Pinout for Programming:
Input Devices/Sensors, I tried[Thanks to Adrian Torres, for a lot of inspiration: here]:
Button
Ultrasonic Sensor
Hall-Effect Sensor
Phototransistor
Thermistor
Camera
Button:
int inPin = 10;
int outPin = 0;
int state = HIGH;
int reading;
int previous = LOW;
long time = 0;
long debounce = 200;
void setup()
{
pinMode(inPin, INPUT);
pinMode(outPin, OUTPUT);
}
void loop()
{
reading = digitalRead(inPin);
if (reading == HIGH && previous == LOW && millis() - time > debounce) {
if (state == HIGH)
state = LOW;
else
state = HIGH;
time = millis();
}
digitalWrite(outPin, state);
previous = reading;
}
Ultrasonic Sensor:
#include
int trigPin = 3; //Trig Pin for Ultrasonic Sensor
int echoPin = 2; //Echo Pin for Ultrasonic Sensor
int ledPin = 0;
long duration;
int cm;
char cstr[16];
void setup() {
Wire.begin(8);
Wire.onRequest(requestEvent);
pinMode(ledPin, OUTPUT);
digitalWrite(ledPin, HIGH);
pinMode(trigPin, OUTPUT); //Set Ultrasonic Trigger Pin as OUTPUT
pinMode(echoPin, INPUT); //Set Ultrasonic Echo Pin as INPUT
Serial.begin(9600);
}
void loop() {
digitalWrite(trigPin, LOW); //Write it to LOW
delayMicroseconds(2); // Wait for 2mus
digitalWrite(trigPin, HIGH); // Write the Trig Pin to HIGH
delayMicroseconds(10); // Wait for 10mus
digitalWrite(trigPin, LOW);// Write the Trig Pin to LOW
duration = pulseIn(echoPin, HIGH); //The duration the echoPin takes to go HIGH in microseconds
cm = microsecondsToCentimeters(duration);
sprintf(cstr, "%03d", cm);
Serial.println(cm);
delay(500);
}
long microsecondsToCentimeters(long microseconds){
return (microseconds / 29.15 ) / 2;
}
void requestEvent() {
Wire.write(cstr);
}
Hall-Effect Sensor:
Board:
Trace:
Outline:
Code:
int pin = 0;
int value = 0;
void setup() {
Serial.begin(9600);
}
void loop() {
value = analogRead(pin);
Serial.println(value);
delay(500);
}
As a group assignment, we probed hall sensor where the character of the hall sensor was visualized in the digital oscilloscope.

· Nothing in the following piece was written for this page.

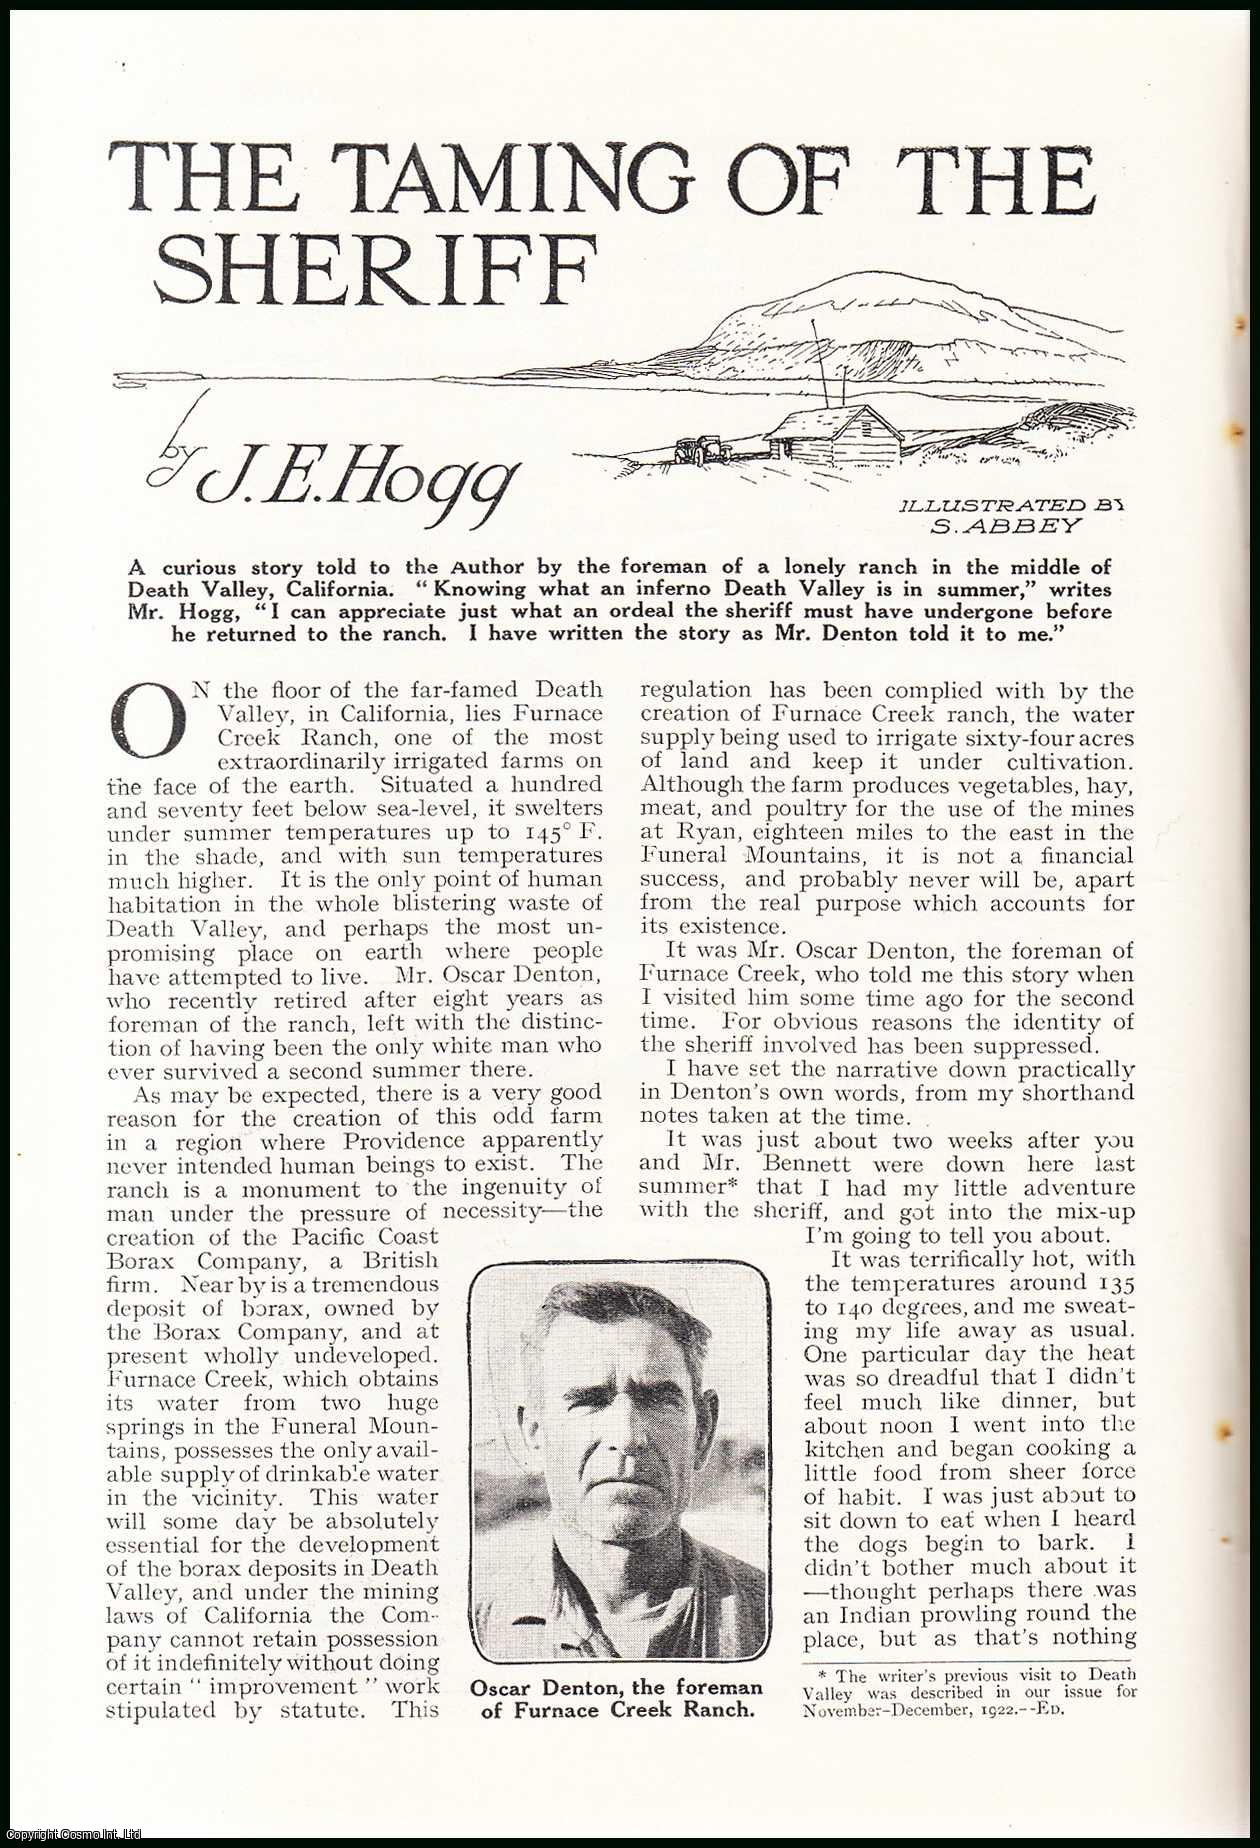 J.E. Hogg. Illustrated by S. Abbey. - The Taming of the Sheriff, Oscar Denton, the foreman of Furnace Creek : Death Valley, California. An uncommon original article from the Wide World Magazine, 1925.

First the 5V is given from the Programmable DC Power Supply to the hall sensor and then, first set the oscilloscope to DC supply. Then autoset the oscilloscope. After there is a green liight in the Run/Stop, place the black wire to the ground and the vcc to the vout of the hall sensor.

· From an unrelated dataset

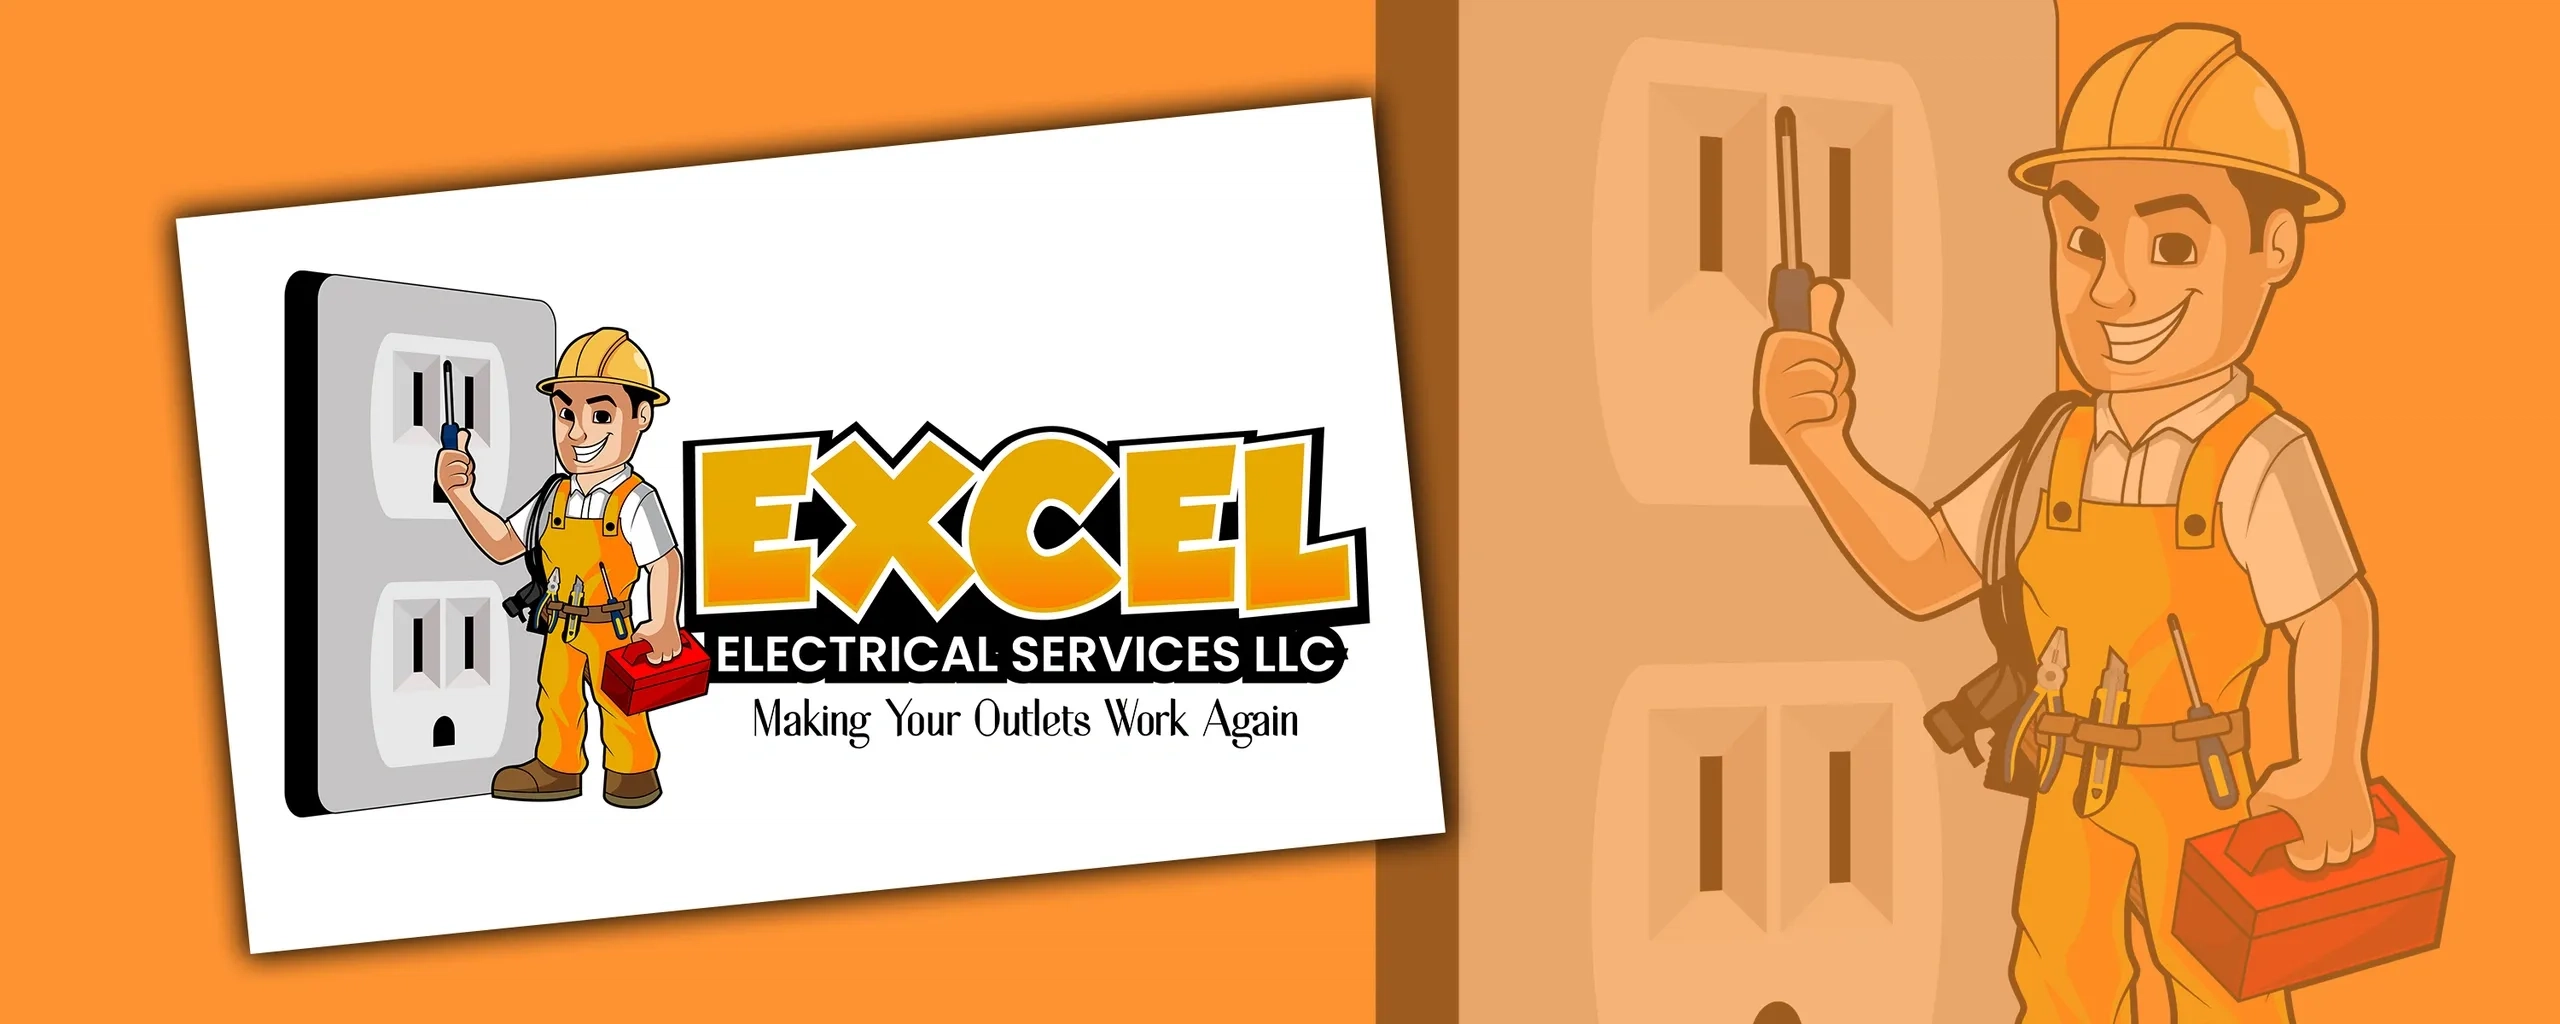 Excel Electrical Services LLC Logo

Now after the circuit is completed, get a magnet and put it close to the hall sensor. You will notice that when you move your magnet closer to the sensor, there is a oscillation and when it is released suddenly, there is a immediate oscillation in opposite direction.
Similarly, when you bring one surface of a magnet closer it oscillates and if the magnet is flipped, the signal is also in the opposite direction.